The move is framed as a curricular and operational alignment designed to reduce students falling behind during the eighth-to-ninth-grade transition and to increase collaboration among teachers. Stewart, who spoke about his experience in 7–12 environments, cited five-year data showing that about "20 to 24 percent" of freshmen previously failed two or more classes by the end of the first semester and credited a targeted intervention or "white team" with bringing failure rates for that group down to roughly "6 percent." "This is giving us a chance for every teacher in these two buildings to read from the same script," Stewart said.

Administrators emphasized that students should not expect major classroom changes next year and described a phased implementation. Miller said the district will keep four administrative positions but reconfigure duties so the associate principal provides direct coverage when Stewart is in the other building.

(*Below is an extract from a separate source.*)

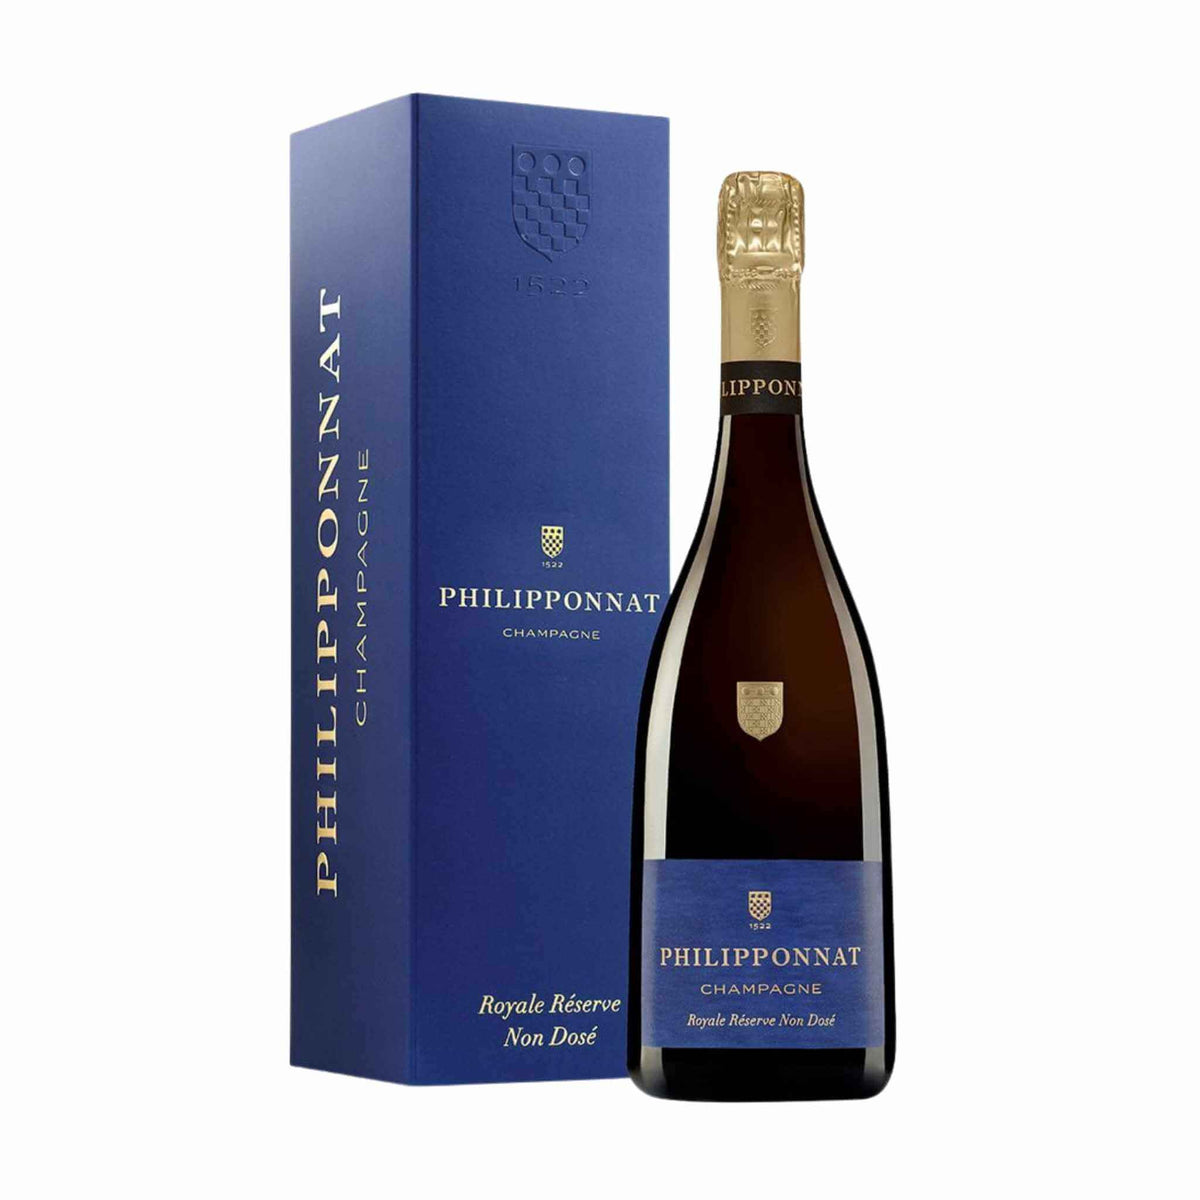 Philipponnat-Champagner-Pinot Noir, Chardonnay, Pinot Meunier-Royale Reserve Non Dose im GK-WINECOM

Parents used the meeting's Q&A to press administrators on discipline and safety. One parent said, "I've had to pull all my kids off the bus because they were getting beat up," and asked how the district could guarantee children's safety. Miller responded that she could not guarantee absolute safety but said the district will do "the very best we can" and outlined specific measures: locked doors with staff-controlled entry, staggered movement between buildings, scheduling more staff on duty during high-traffic times and use of positive behavior interventions (PBIS).

A staff member described the PBIS approach the district intends to expand: teachers award points students can redeem for small rewards, the handbook consequences will be applied consistently, and teachers will coordinate to reinforce expected behavior. John Fry, who identified himself in the meeting and described disciplinary data, said the district must teach culture and expectations starting in sixth grade; Fry cited about "800 referrals" in the middle school this year versus "270" at the high school as a data point for the need to build consistent expectations.

Administrators also noted logistical limits: the middle-school building is a retrofitted elementary school with narrower hallways and limited lab facilities, so the district does not plan to mix students in classrooms but will allow some advanced middle-school students to take one or two high-school classes and to share common areas under controlled conditions.

Miller offered curriculum as an example of anticipated academic benefits, saying the district intends to expand access to Algebra I so students can take that course by eighth grade rather than later. Special education services will continue as a continuum across grades 6–12, with intervention specialists assigned according to student needs.

Next steps: Miller said she will make the formal recommendation to the board to hire Kozlowski as associate principal at the next meeting and that much of next year will be a planning year focused on implementing PBIS, finalizing supervision schedules and aligning department professional learning communities. Administrators encouraged families to follow up by email for specific incidents and promised continued updates as the transition proceeds.